**Your objective:** Repeat only the lines below that run from the line with "Cast iron sculpture" to the line with "J-3189131 New Tom", ends included; skip every picture.

**Material for this task:**
■ ■ ■ ■ ■ ■ ■

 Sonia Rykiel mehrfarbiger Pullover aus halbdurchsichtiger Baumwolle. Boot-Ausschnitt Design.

■ ■ ■ ■ ■ ■ ■

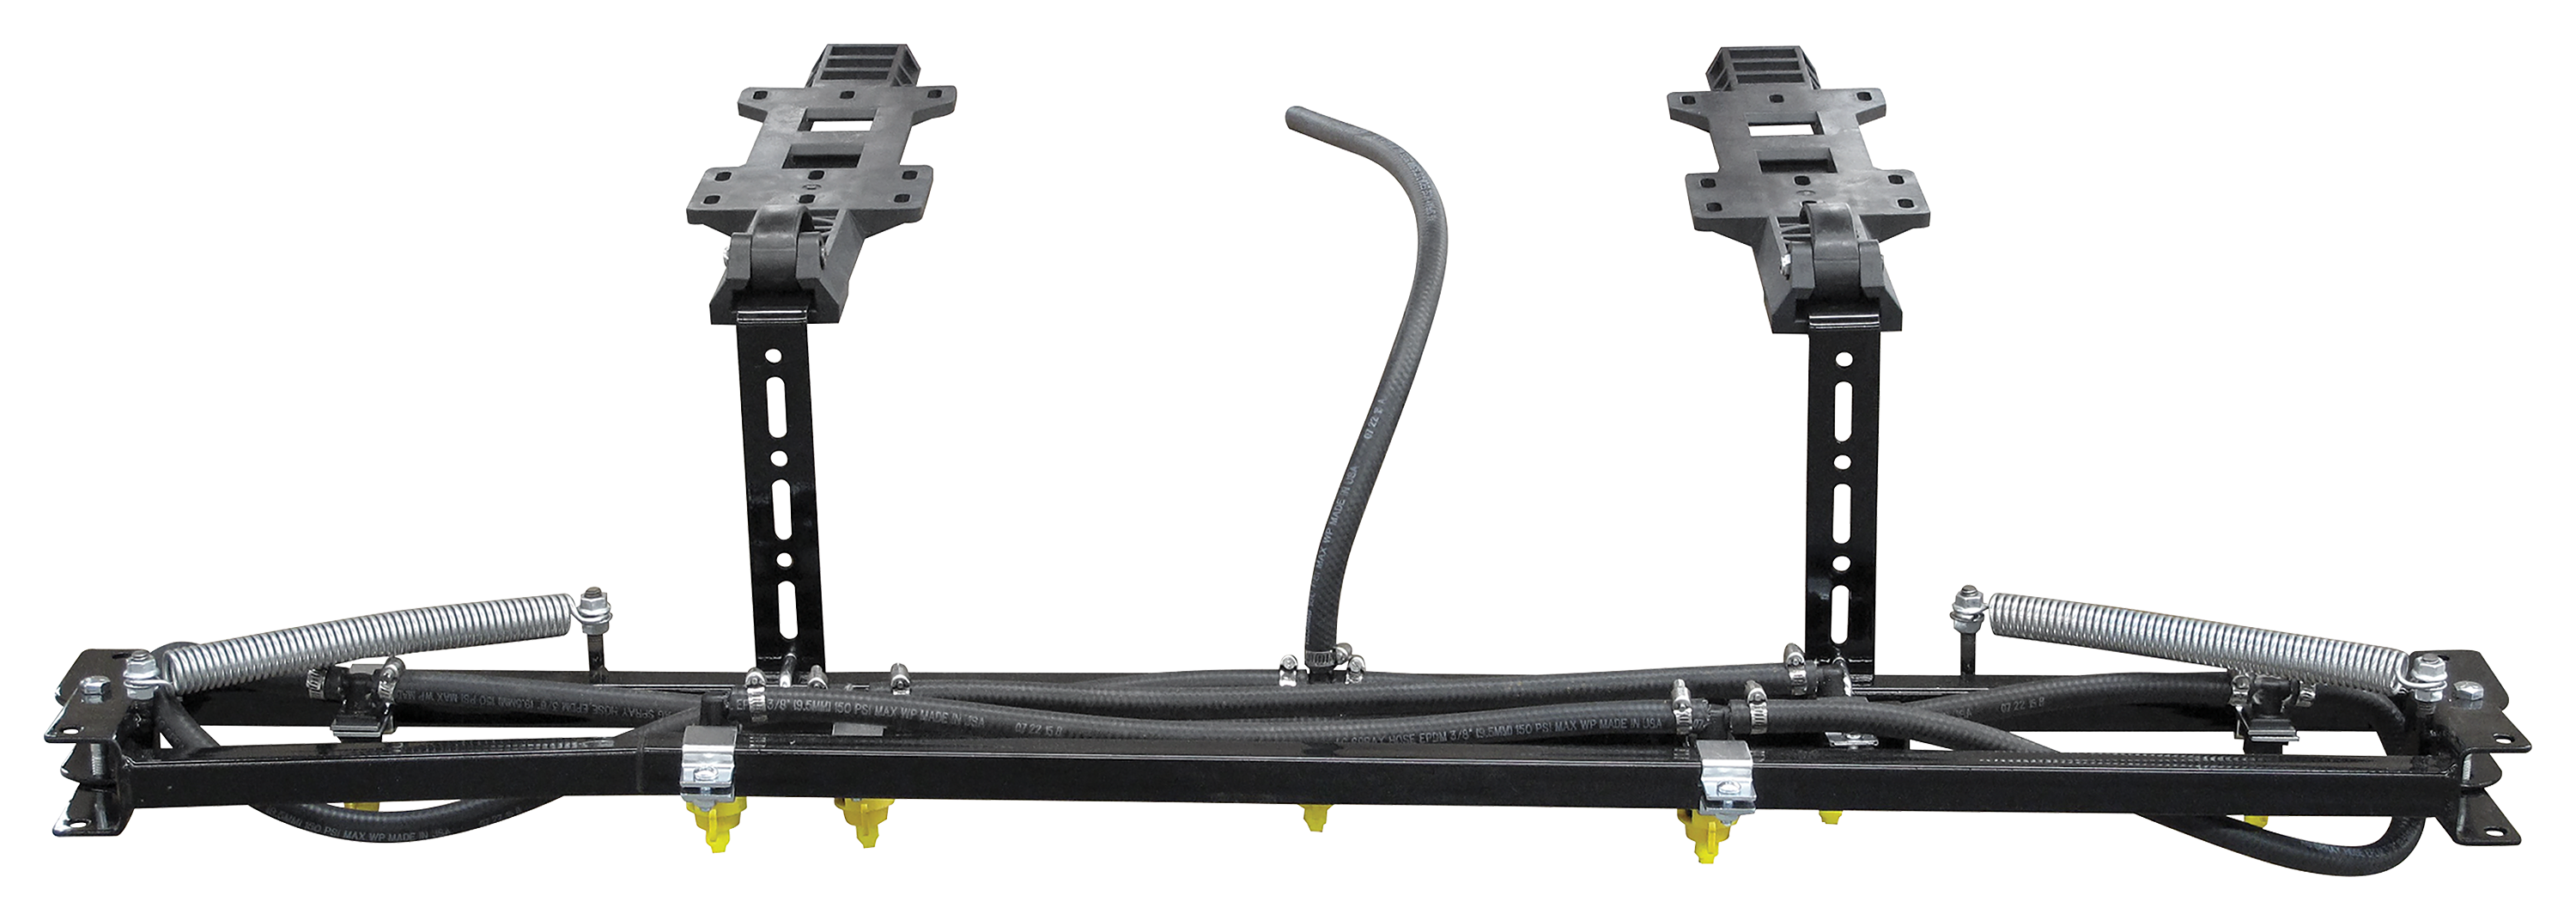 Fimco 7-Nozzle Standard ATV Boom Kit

■ ■ ■ ■ ■ ■ ■

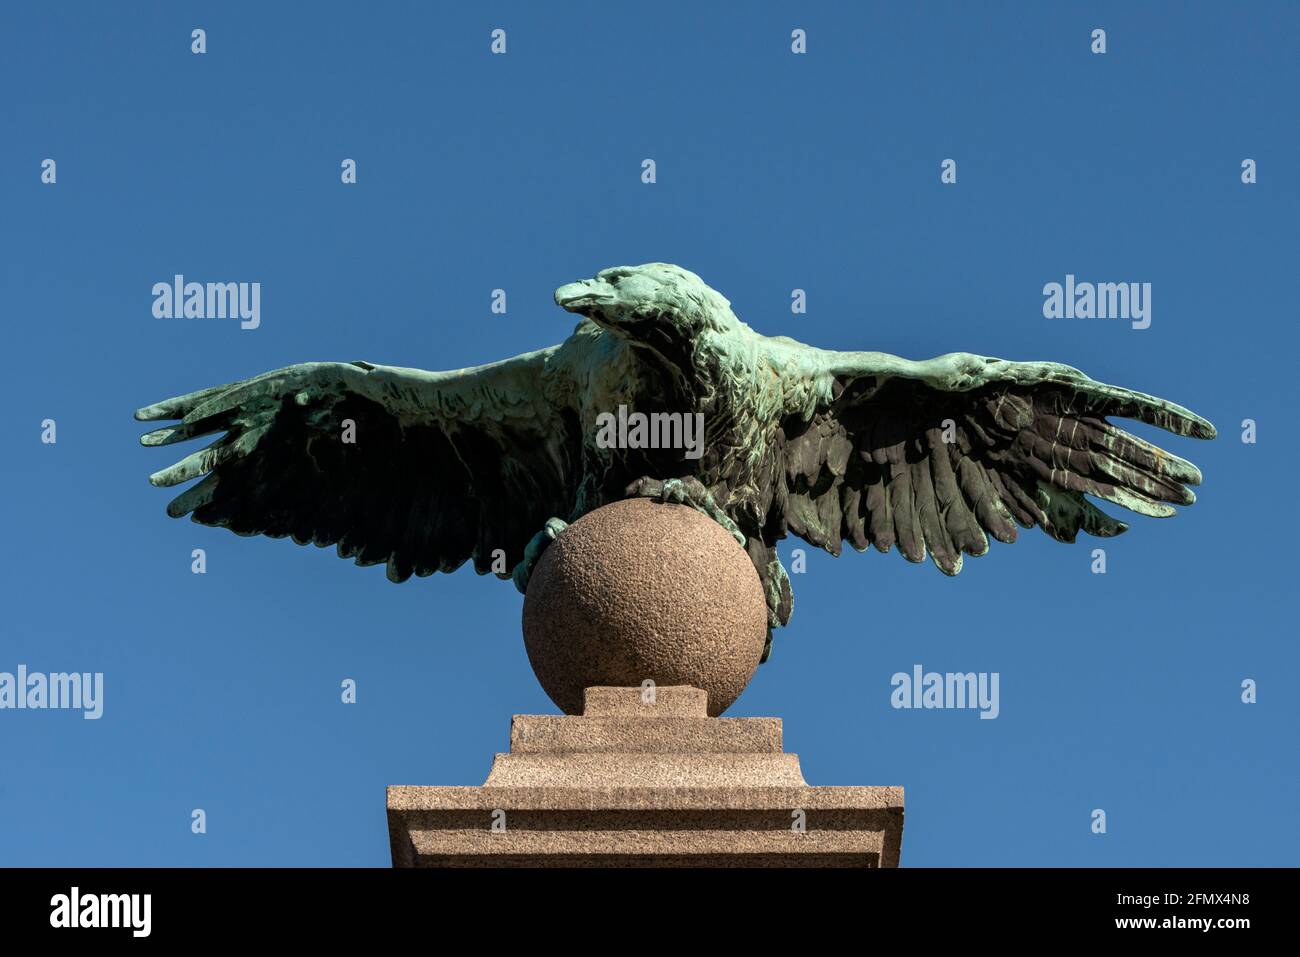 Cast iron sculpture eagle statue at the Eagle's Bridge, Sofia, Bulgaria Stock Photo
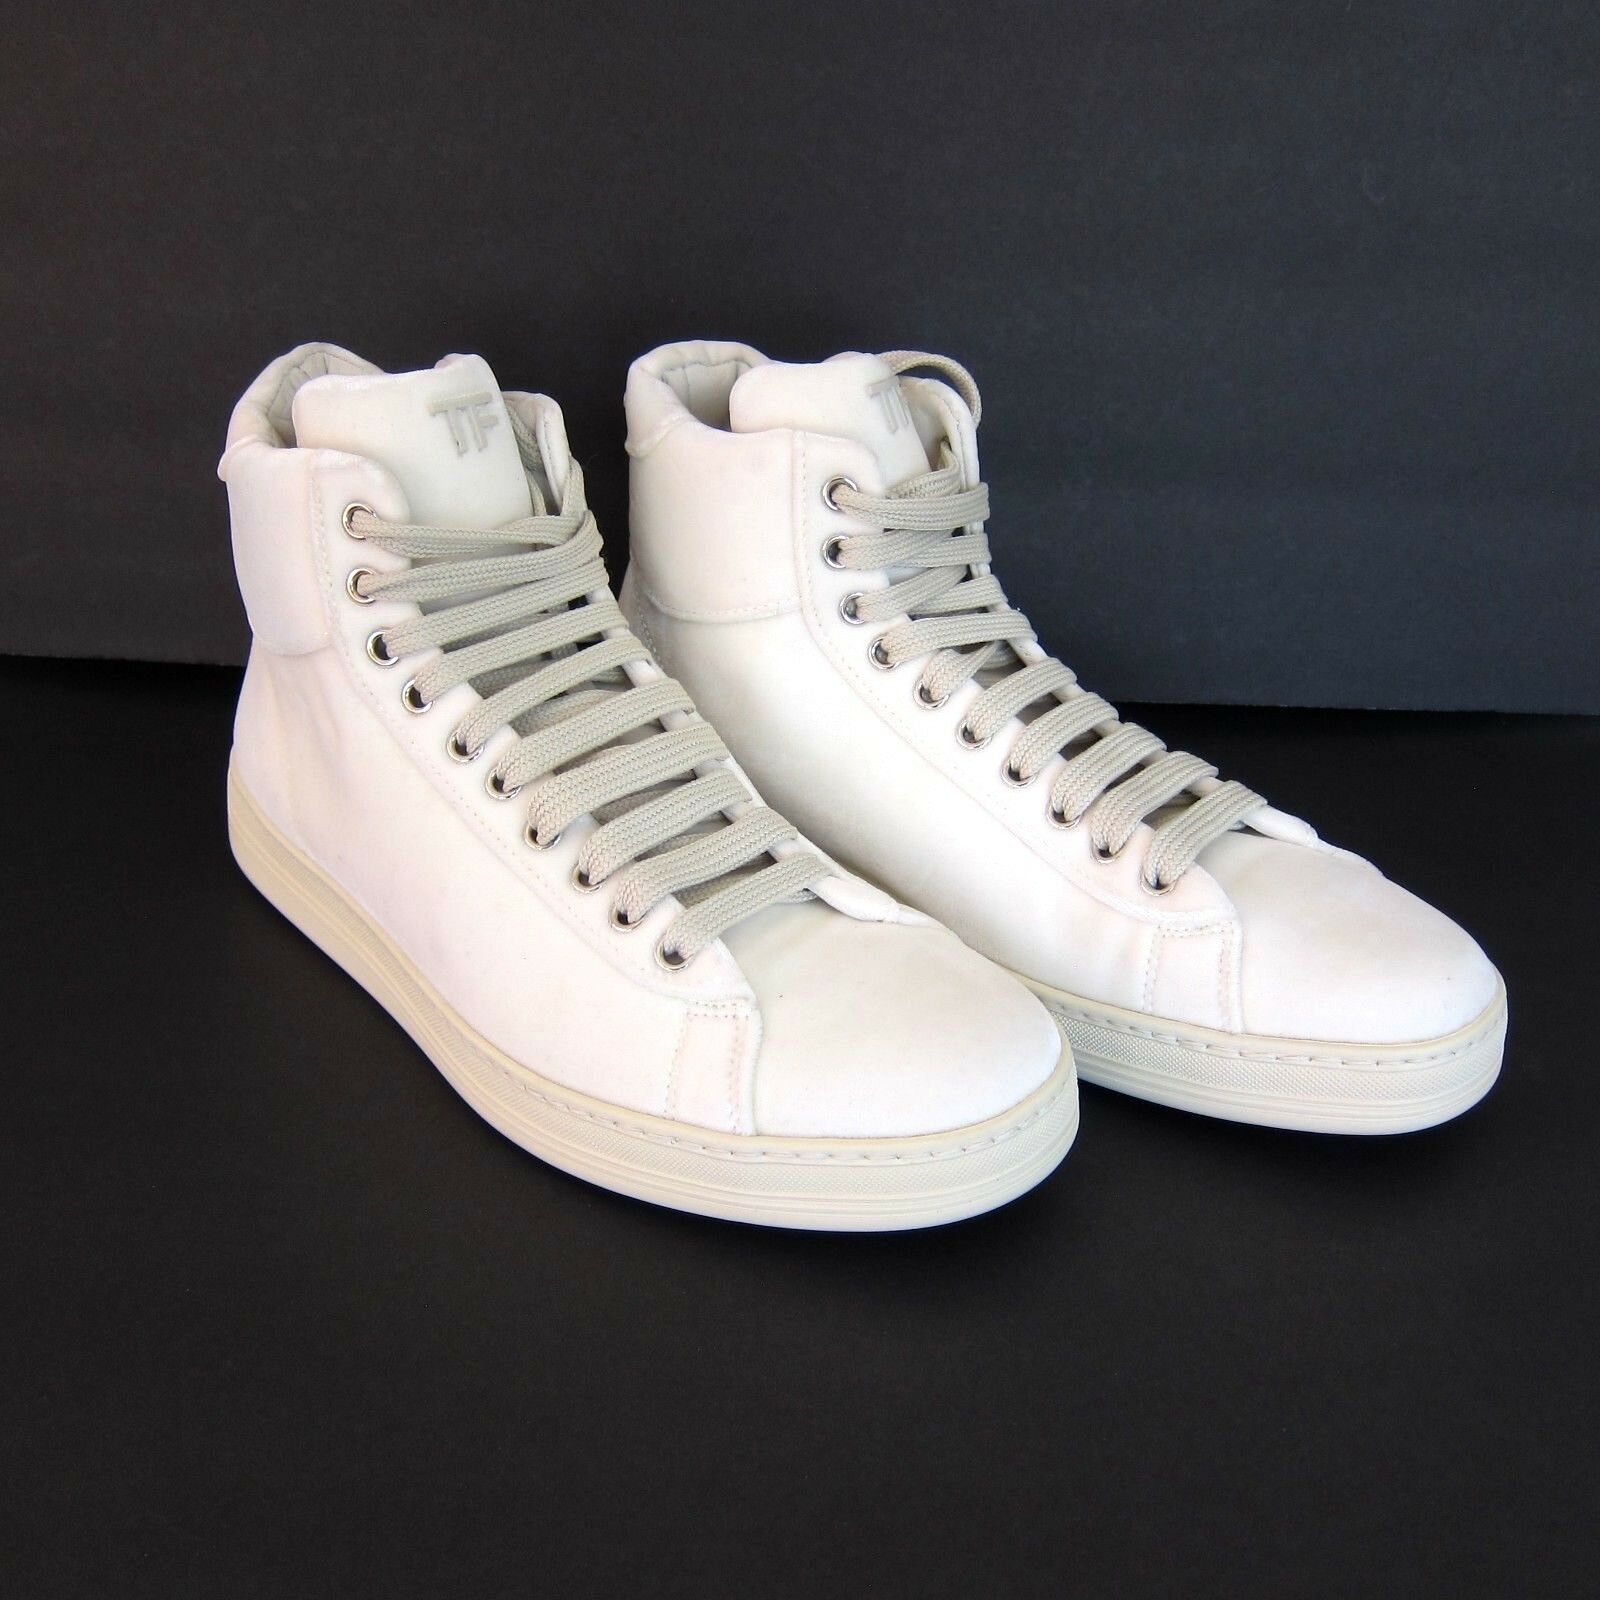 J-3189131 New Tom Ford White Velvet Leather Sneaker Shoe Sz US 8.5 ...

■ ■ ■ ■ ■ ■ ■

**Result below:**
 Cast iron sculpture eagle statue at the Eagle's Bridge, Sofia, Bulgaria Stock Photo
 J-3189131 New Tom Ford White Velvet Leather Sneaker Shoe Sz US 8.5 ...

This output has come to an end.